Kate checked the second slide. ‘Right. I want everyone to look at both these examples and then we’ll have a quick recap on differential diagnoses and clinical behaviour for both types of tumours.’

‘Kate?’ A technician edged into the group. ‘Janet’s on the theatre run but due to get a piece of kidney from Theatre One. There’s an urgent case in Theatre Three. Bone biopsy being done on a thirteen-year-old girl. The surgery hasn’t started yet but do you want me to go and wait to collect the specimen?’

‘Please. And bring it to me.’ Kate eyed her group of students again. ‘This is timely. You can see a real-time investigation on a bone biopsy. If it’s happening during surgery, the results are critical. It might mean the difference between losing or saving a limb.’
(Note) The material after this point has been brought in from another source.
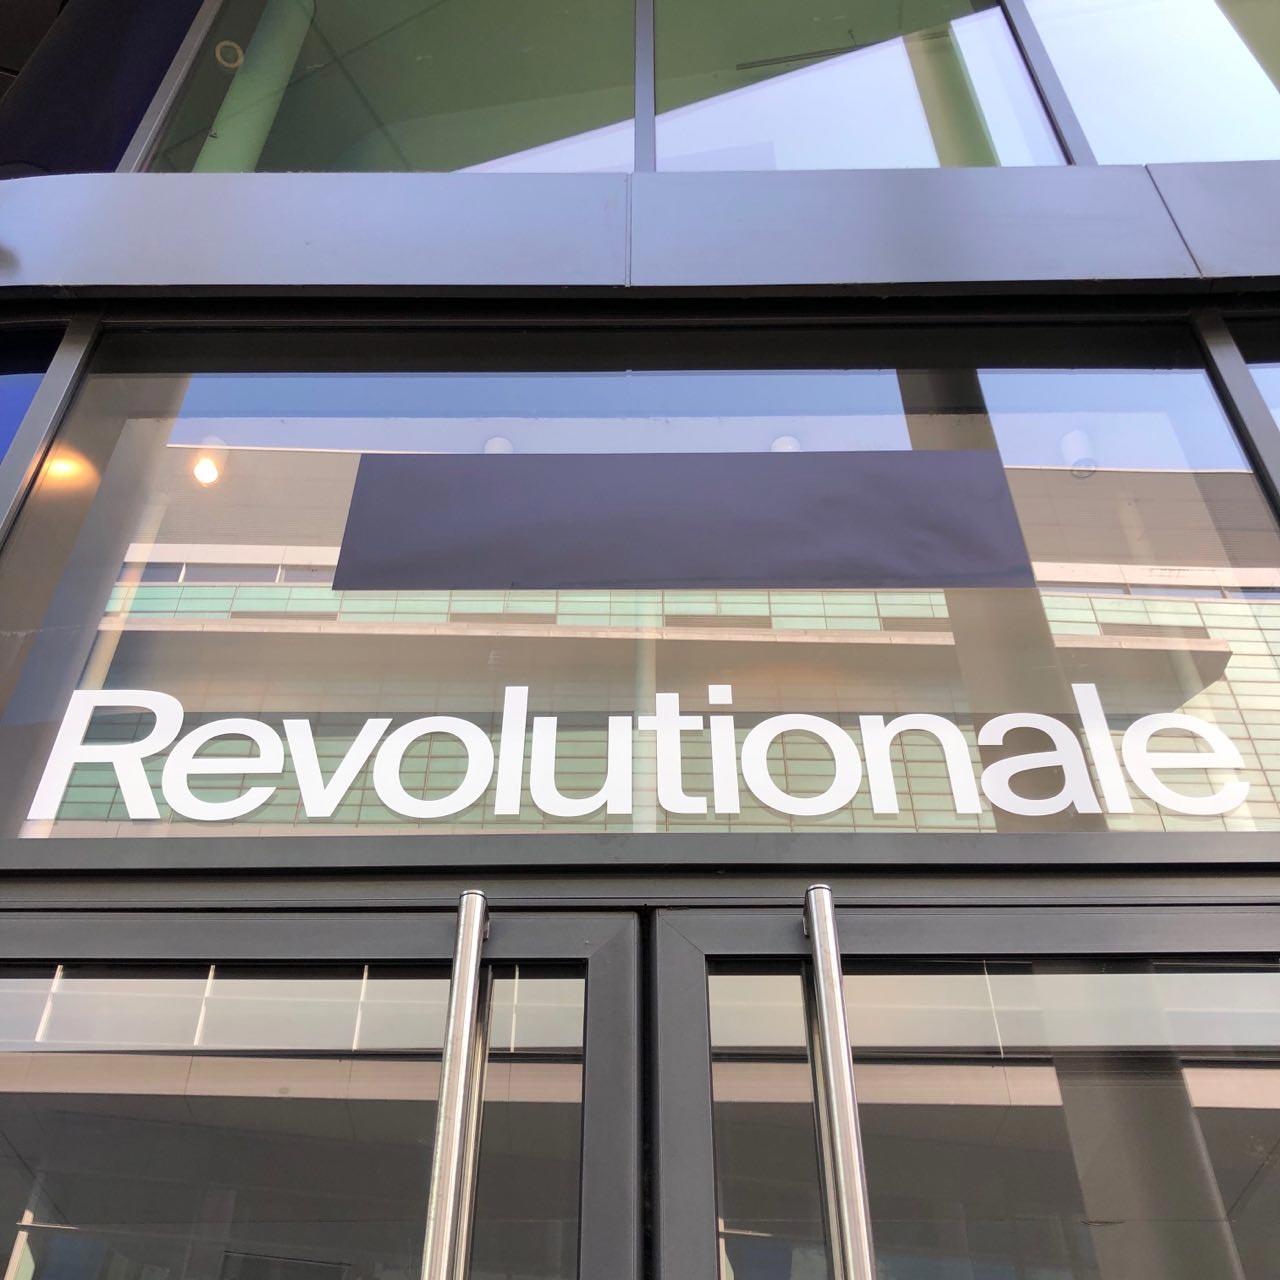 Revolutionale

The group was milling between the two microscopes and debating clinical information when an alarm sounded a few minutes later.

‘Oh, no…’ It didn’t take much to trigger a fire alarm in a hospital and the disruption could be disastrous. Kate flicked a glance around her busy department. Could she afford to ignore it?

Someone rushed into the laboratory area. ‘There’s smoke coming from the kitchens,’ he shouted. ‘Everybody out.’

‘Oh, my God…’ Marie was looking terrified. ‘We’ll be caught in the basement. How do we get out?’